Collected data |
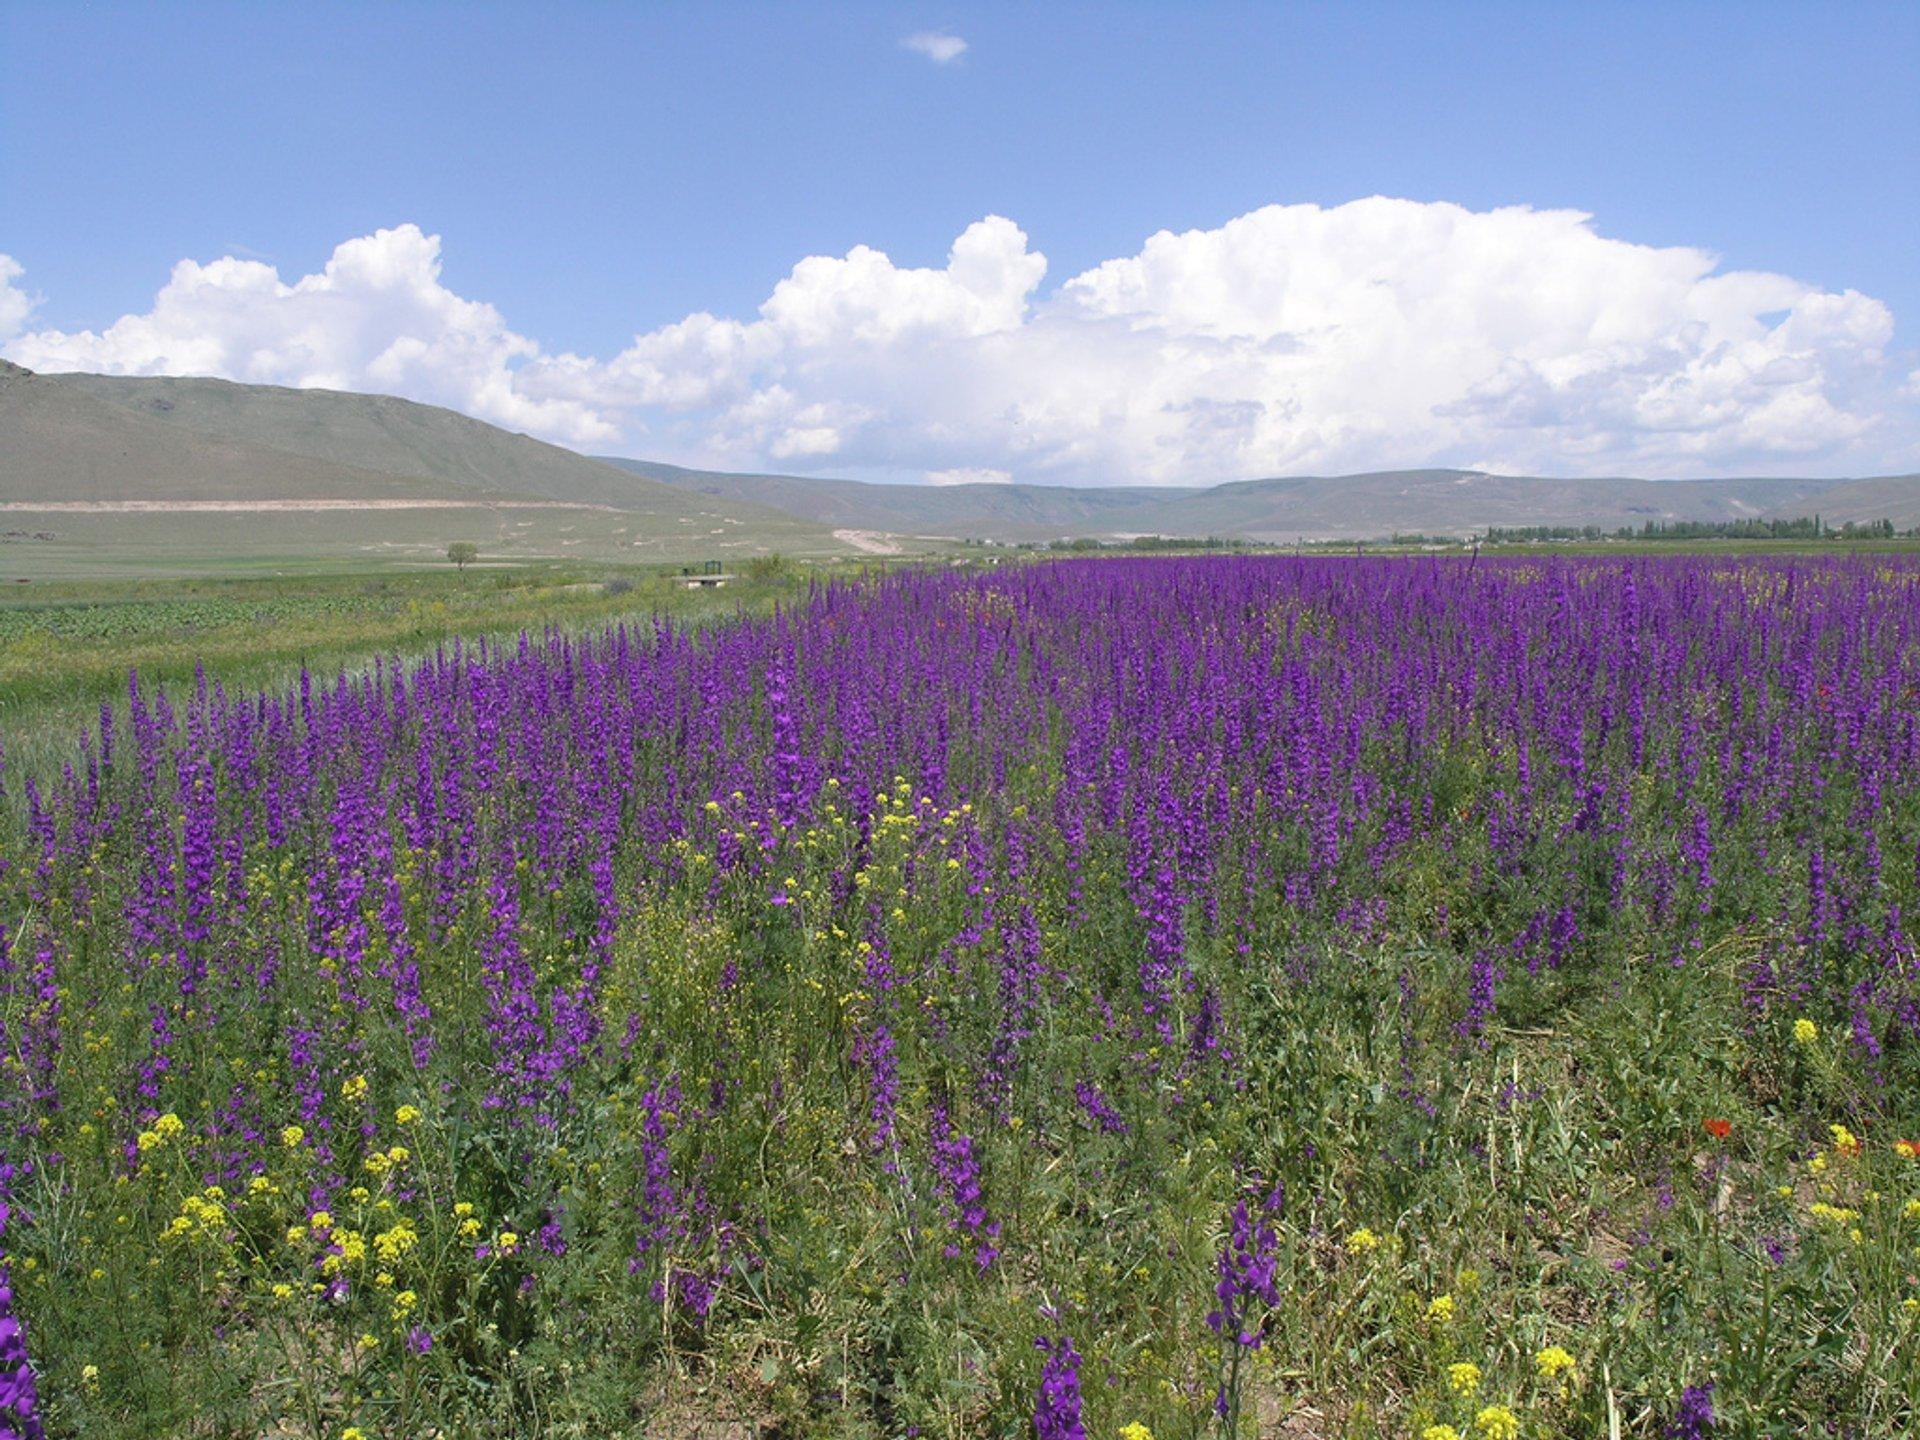 Wildflower field near Erzerum, Turkey 2020
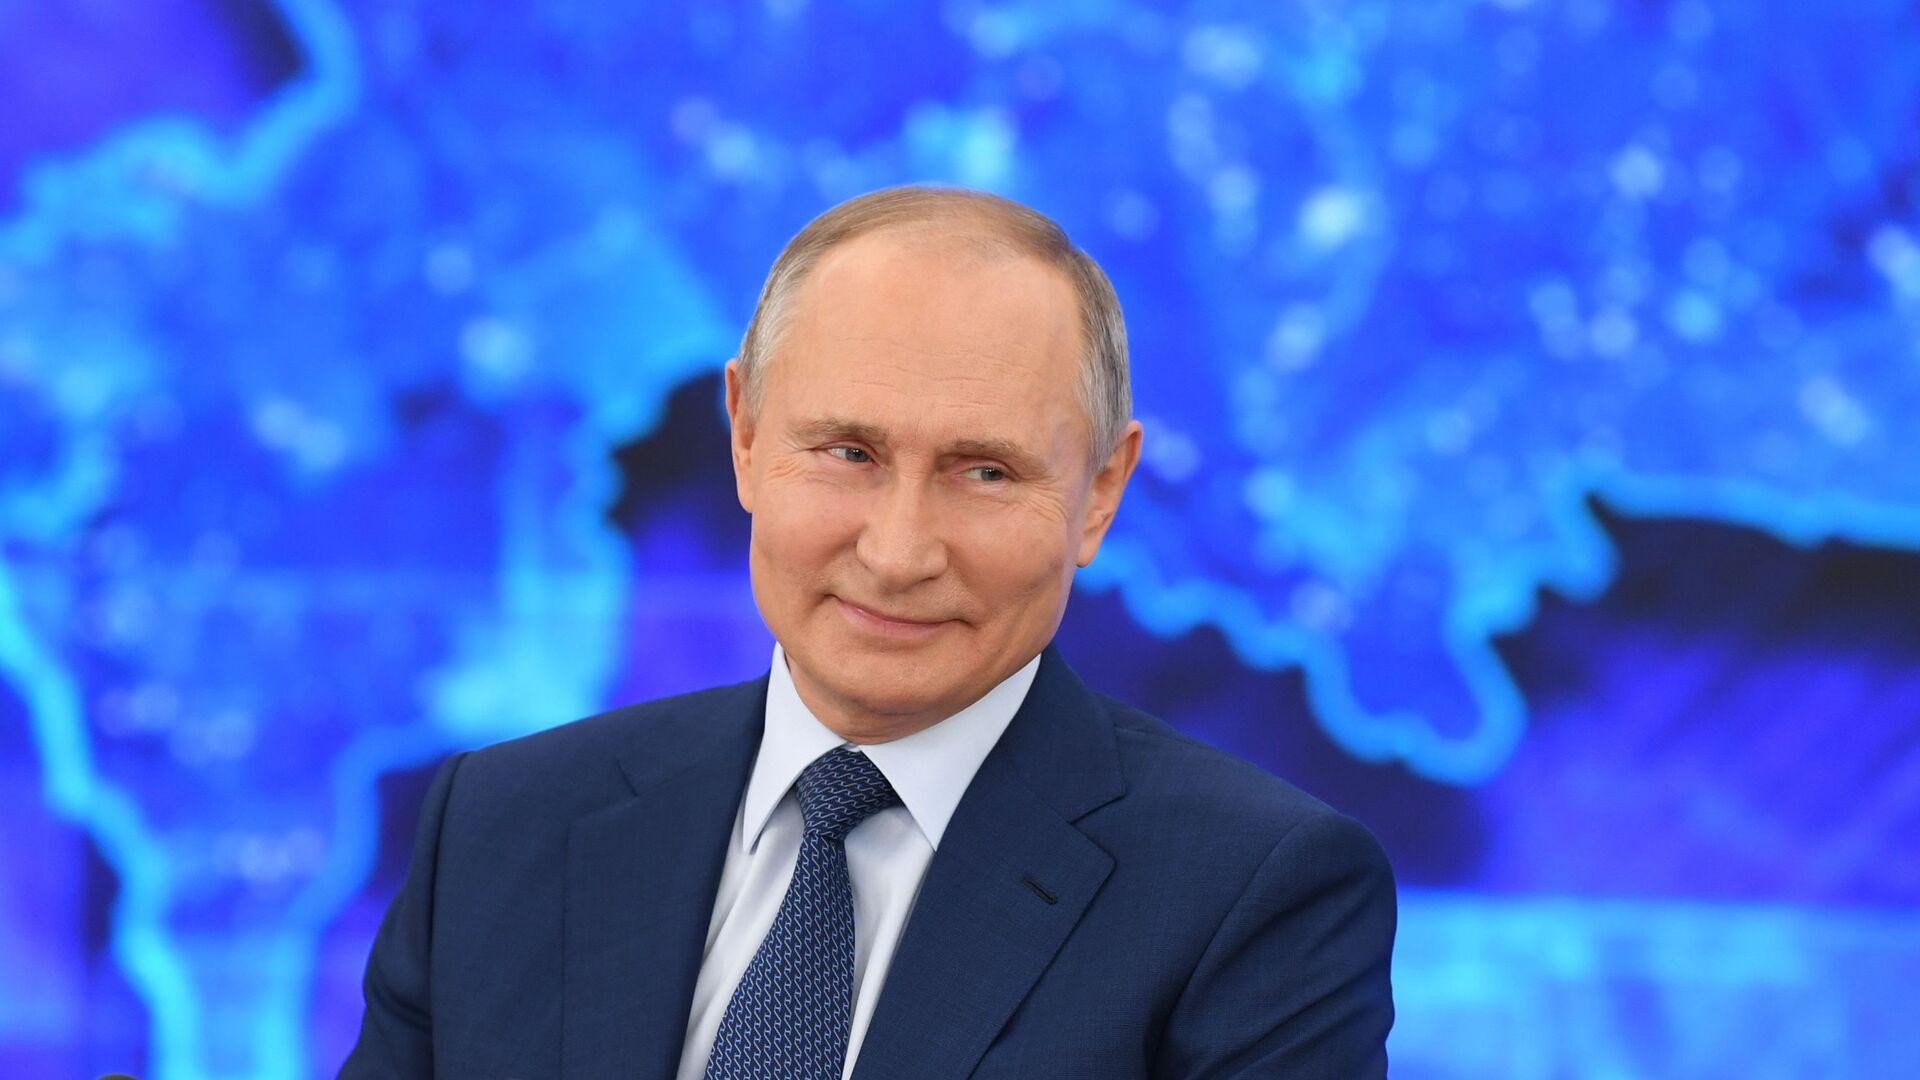 Doroczna konferencja prasowa prezydenta Rosji Władimira Putina - Sputnik Polska, 1920, 14.04.2021
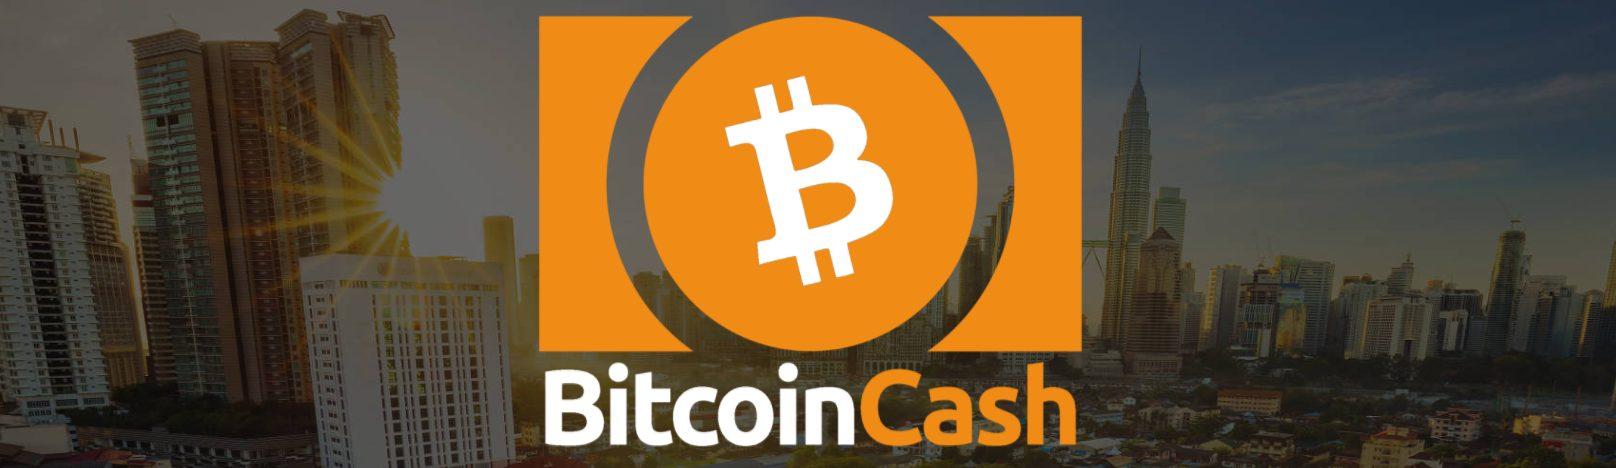 ビットフライヤー(bitflyer)で購入できる仮想通貨 ビットコインキャッシュ
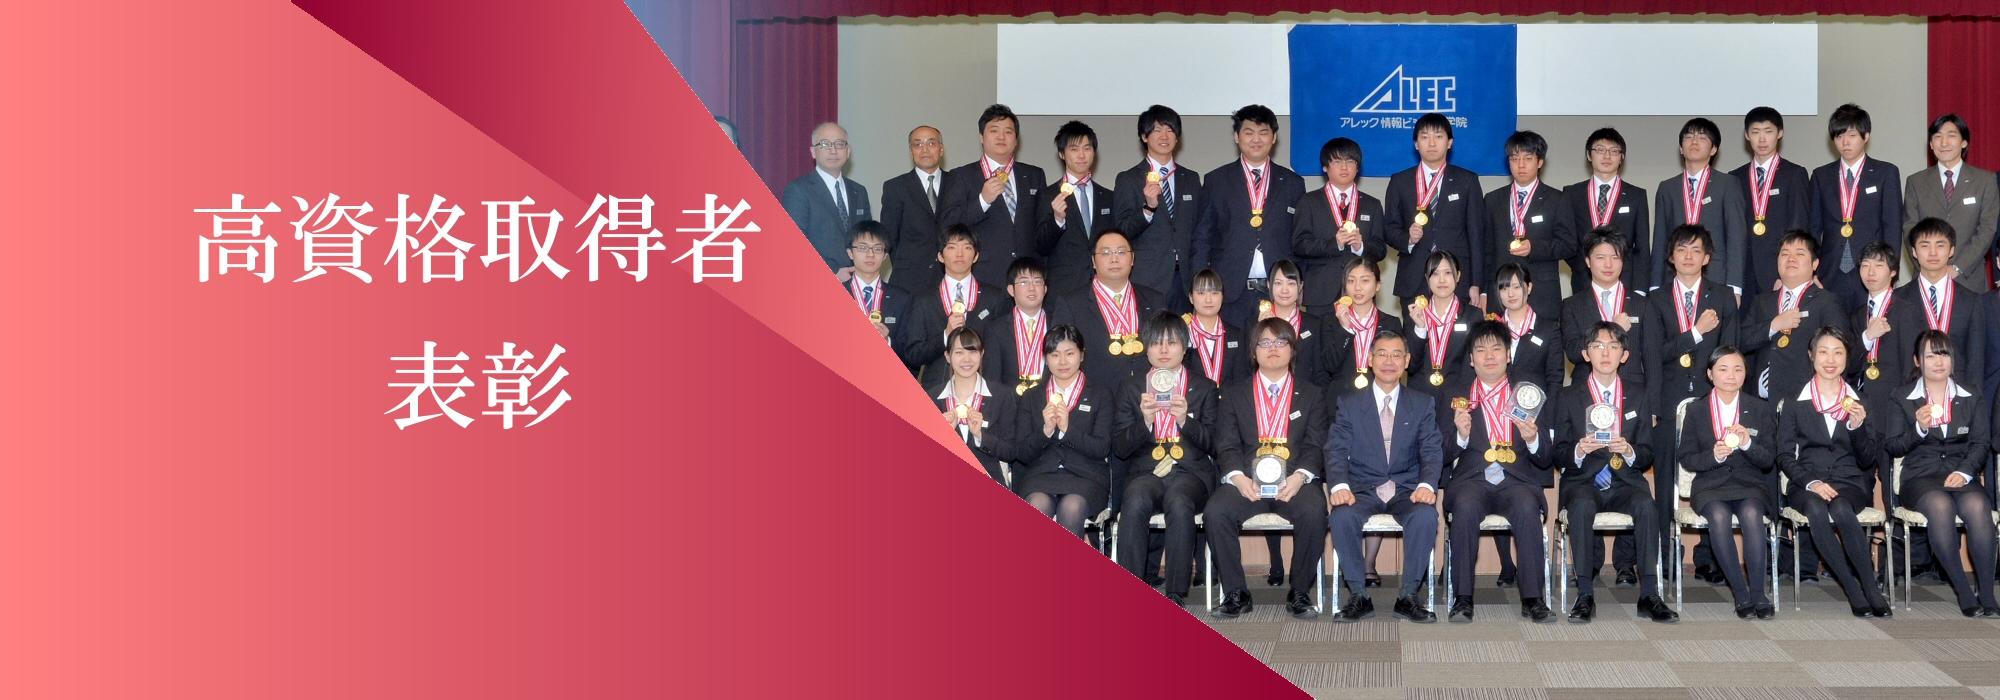 高資格取得者表彰

What to produce | Would you transcribe all of the data exactly, apart from its pictures?

Reply |
 Wildflower field near Erzerum, Turkey 2020
 Doroczna konferencja prasowa prezydenta Rosji Władimira Putina - Sputnik Polska, 1920, 14.04.2021
 ビットフライヤー(bitflyer)で購入できる仮想通貨 ビットコインキャッシュ
 高資格取得者表彰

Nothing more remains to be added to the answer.